I'm currently setting up a web application with EclipseLink (under Tomcat 8+Spring Framework 4) and I want it to support a data source-per-tenant multitenant environment.
Currently EclipseLink supports single-table or table-per-tenant (which can also become schema-per-tenant... I just discovered it now...) multitenancy strategies, but it also offers support for partitioning.
The idea I'm working on is to use partitioning with an appropriate partitioning policy to split data across different data sources, one for each tenant.
I ended up with a solution that dynamically injects new connection pools with externally managed data source instances into EclipseLink as soon as the application needs to access data for a new tenant (in my case tenant = customer and each user that logs into the application belongs to a specific customer, hence each HTTP session is "bound" to a specific connection pool/data source).
All tables are partitioned, so I didn't specify any partitioning policy via annotations, but rather defined my own PartitioningPolicy which is added to the entity manager factory via serverSession.getProject().addPartitioningPolicy(PartitioningPolicy) and then set as the default partitioning policy via serverSession.setPartitioningPolicy(PartitioningPolicy).
As soon as I disable the shared cache by passing the property eclipselink.cache.shared.default=false at the entity manager factory creation time and use a generation strategy for ids which does not use pre-allocation, all seems to work fine (at least in my preliminary tests). But, as I have expected, the concept of "partition" in EclipseLink means that an entity instance of type T with id X is meant to be the same in all of the partitions where it is located (= replicated). In my case, instead, data in a partition is completely independent from data in another partition and hence an entity instance of type T with id X for tenant/partition A is actually different from another entity instance of the same type T with the same id X for tenant/partition B.

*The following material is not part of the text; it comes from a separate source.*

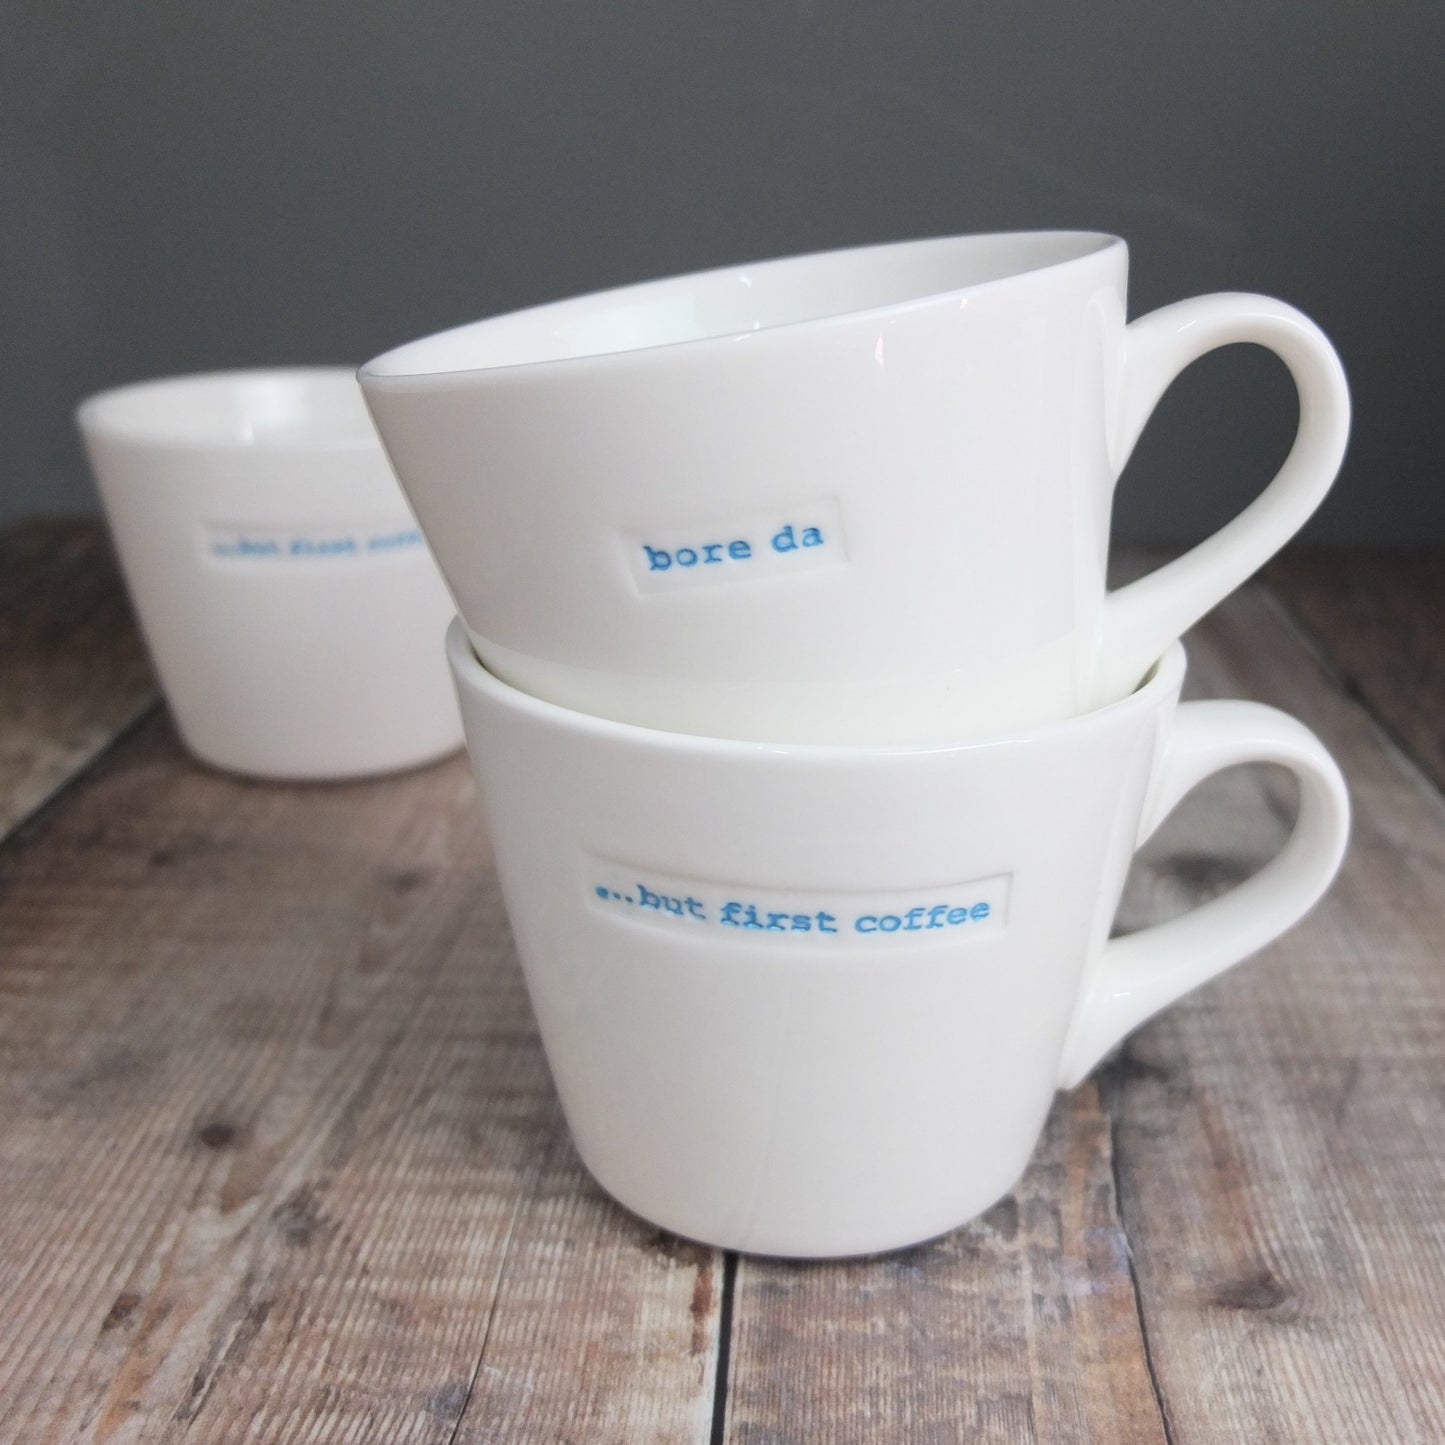 ...but first coffee Mug by Keith Brymer Jones

I thought of two possible solutions to this:
  1. I may try to instruct EclipseLink to use the combination of "entity id" and "partition id" to determine the identity of an object (with regards to caching, but not only...); I read that EclipseLink should do something like that for multitenancy entities, but I don't know exactly how this works and if this kind of strategy can be changed in some (relatively easy) way... In particular, I was wondering if setting a tenant id with eclipselink.tenant-id will have any effect, considering that I'm not using @Multitenant at all... I suspect it would be completely ignored...
  2. I may try to make EclipseLink use a centralized sequence to generate ids, so that there won't ever be two entity instances of the same type T from different tenants/partitions with the same id X, and hence there shouldn't be any problem with caching or whatsoever...
In any case, if I want to use generated ids preallocation I must find a way to centralize the sequence generation. With the default strategy that uses a sequence table, this would just mean I have to put such table in a central data source, the one I use to store users and related customer/tenant ids and that I'm setting on the entity manager factory as the "default" connection pool. Reading the docs I see that it should also be possible to specify a dedicated connection pool for sequence generation, although the default one should be used if none is specified. This would be perfect for me, but....
... the problem I'm experiencing is that once I set a default partitioning policy with ServerSession.setPartitioningPolicy(PartitioningPolicy), so that every entity is partitioned, the "default" (or even the "sequence") connection pool is completely ignored by EclipseLink and the partitioning policy is asked even for queries related to sequence preallocation. The net effect is that EclipseLink always searches for the sequence table in each tenant data source, instead of in the central one.
Can this be considered a bug?
May the cause of this problem be at line 468 (in EclipseLink 2.5.2 source) of org.eclipse.persistence.internal.sequencing.SequencingManager (method org.eclipse.persistence.internal.sequencing.SequencingManager.Preallocation_Transaction_NoAccessor_State.getNextValue(Sequence, AbstractSession)), where a null accessor (instead of the just created "accessor") is passed to org.eclipse.persistence.sequencing.Sequence.getGeneratedVector(Accessor, AbstractSession) to allocate ids?
Otherwise I should make my partitioning policy able to distinguish a request related to sequence generation, for which it should return the "default" (or "sequence") connection pool identifier... but at a first glance I can't find an obvious way to do this.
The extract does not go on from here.